Foto: Rob Lang www.roblang.com
Foto: Rob Lang http://www.roblang.com

Hoy, un poema de Xavier Villaurrutia se convierte en bandera de noches de insomnio.

Muchas veces, el arco que va del coqueteo al éxtasis suicida incluye un rosario de recelos, de pálpitos, de inseguridades, de soponcios. Eso lo dijo como nadie Xavier Villaurrutia (1903-1950), uno de los máximos autores en lengua hispana. Su portentoso “Deseo” puede ser bandera en más de una noche de insomnio de quien deletrea su amor “por la angustia y por la duda”. Y aún así no puede evitarlo.

Para acompañar el poema van dos regalos sensoriales: 1. La impecable imagen que ilustra esta entrada es un guiño al poeta, quien la hubiera disfrutado tanto como yo. 2. Dejo por aquí el mismo poema de Villaurrutia en la musicalización de Jaime López, cantada por Maru Enríquez y con una intervención de Jaime. Me encanta ese lamento hondo que se lleva al carajo el verso final, como corresponde. Ahora sí, buen #MiércolesDePoesía.
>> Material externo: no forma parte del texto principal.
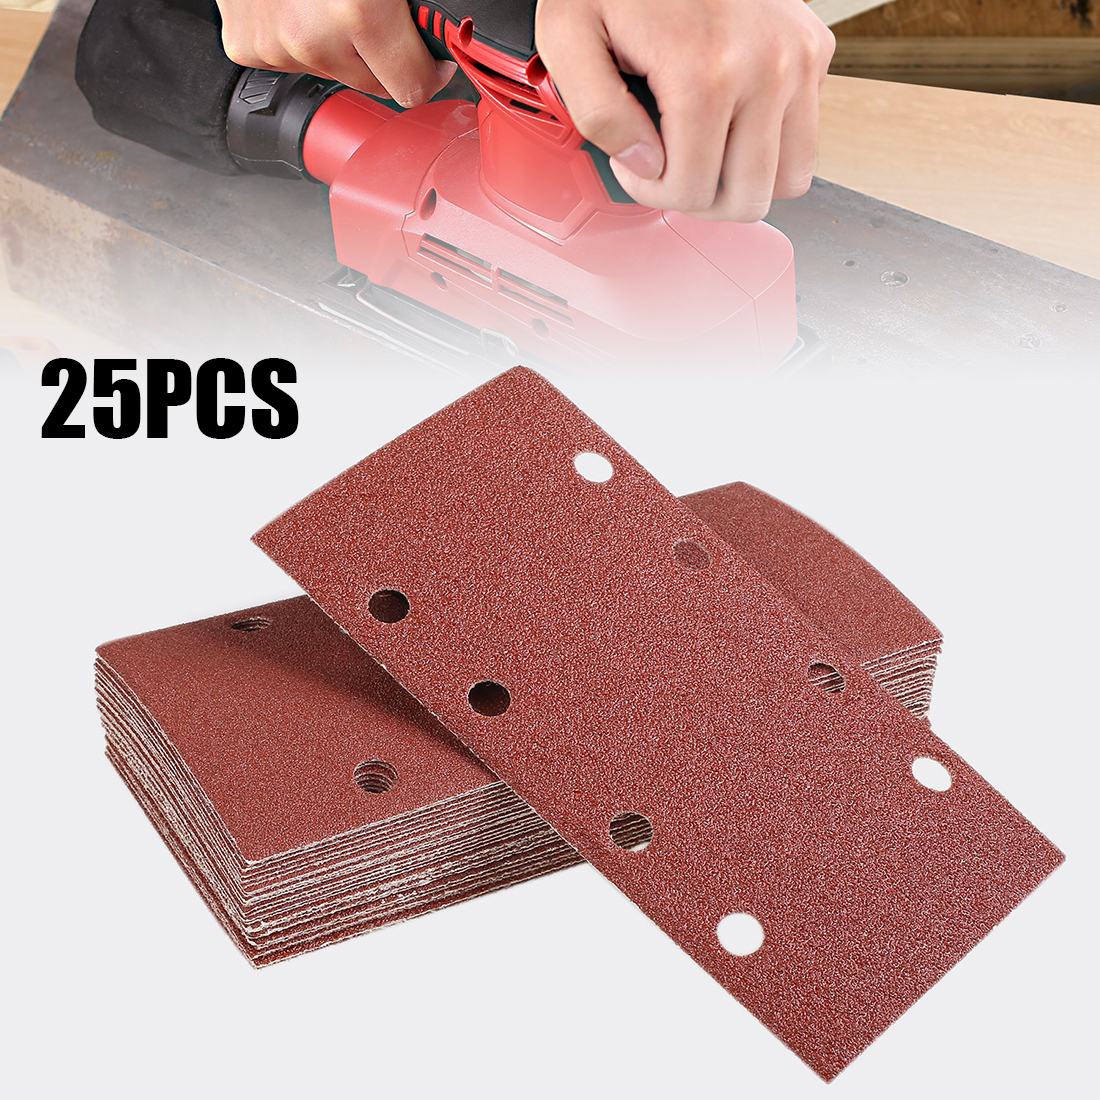 25pcs Sandpaper Square Sander Hook Loop Sand Paper Sanding Disc Sheets Abrasive Tools For Orbital Polishing 40/60/80/120 Grit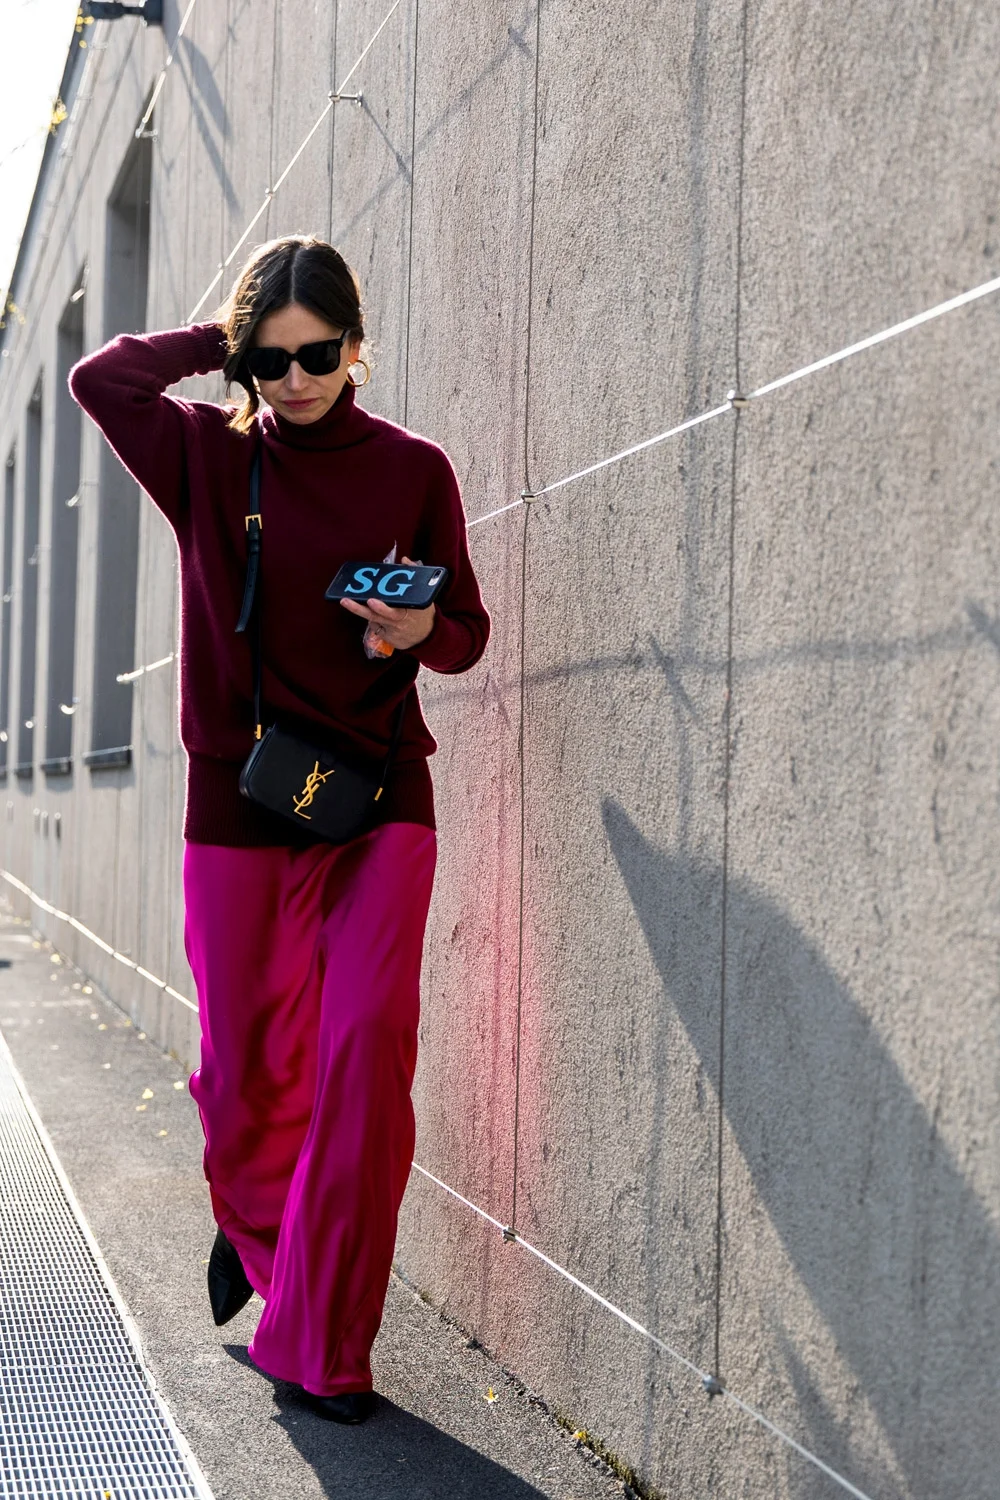 Милан в тренде: как одеваются звезды street style на модные показы - фото 371401

Da click en el enlace para oír la canción

Amarte con un fuego duro y frío.
Amarte sin palabras, sin pausas ni silencios.

Amarte sólo cada vez que quieras,
y sólo con la muda presencia de mis actos.

Amarte a flor de boca y mientras la mentira
no se distinga en ti de la ternura.

Amarte cuando finges toda la indiferencia
que tu abandono niega, que funde tu calor.

Amarte cada vez que tu piel y tu boca
busquen mi piel dormida y mi boca despierta.

Amarte por la soledad, si en ella me dejas.
Amarte por la ira en que mi razón enciendes.

Y, más que por el goce y el delirio,
amarte por la angustia y por la duda.

-Xavier Villaurrutia, “Deseo”, Canto a la primavera y otros poemas, en Nostalgia de la muerte. Poemas y teatro, FCE/ SEP.

(Lo que piensa la necia que escribe este blog)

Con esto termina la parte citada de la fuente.